To be eligible, students must be: 

  1. Extremely high achieving i.e. score in the top 9% of SABER 11, which, unlike the SAT in the US, is taken by virtually all high school seniors. 
  2. Low-income i.e. belong to the poorest 50% of households, as measured by SISBEN, Colombia’s main proxy means-testing system for social assistance. 
  3. Admitted to a “high-quality” university, of which there were 33 certified by the Colombian government at the time of the policy announcement i.e. less than 10% of HEIs.

SPP has four key characteristics:

  1. It is highly visible and has simple, easy-to-understand eligibility rules and application procedures.

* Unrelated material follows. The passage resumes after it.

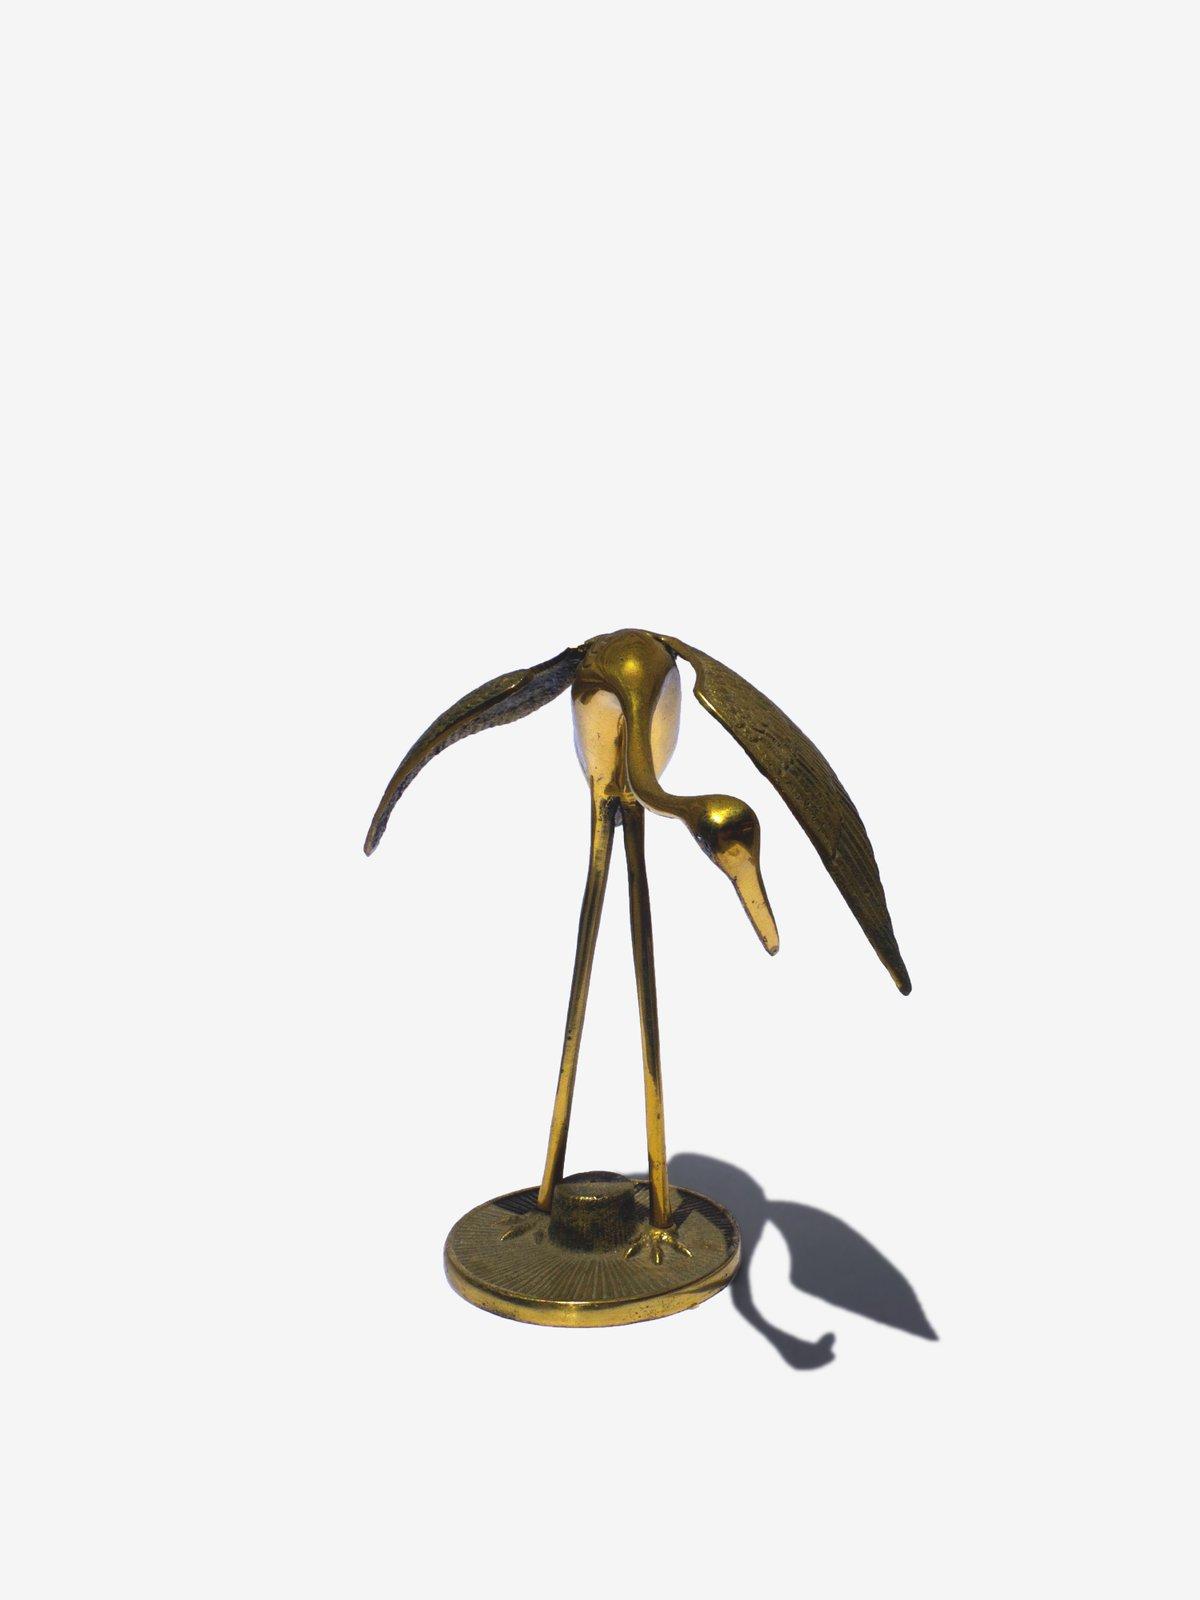 Image of Brass Crane

Students are readily able to ascertain their own aid eligibility from their test score and household wealth index. 
  2. It is generous. It covers the full tuition cost of attending an undergraduate programme in any “high-quality” university in Colombia, as well as a modest maintenance stipend.
  3. It is large in scale. SPP annually benefits roughly one-tenth of first-year postsecondary enrolees and one-third of those entering “high-quality” universities immediately after graduating high school.
  4. It is highly predictive of overall access to financial aid. This is because low-income students in Colombia, as in other developing countries (Solis 2017), have little alternative sources of aid.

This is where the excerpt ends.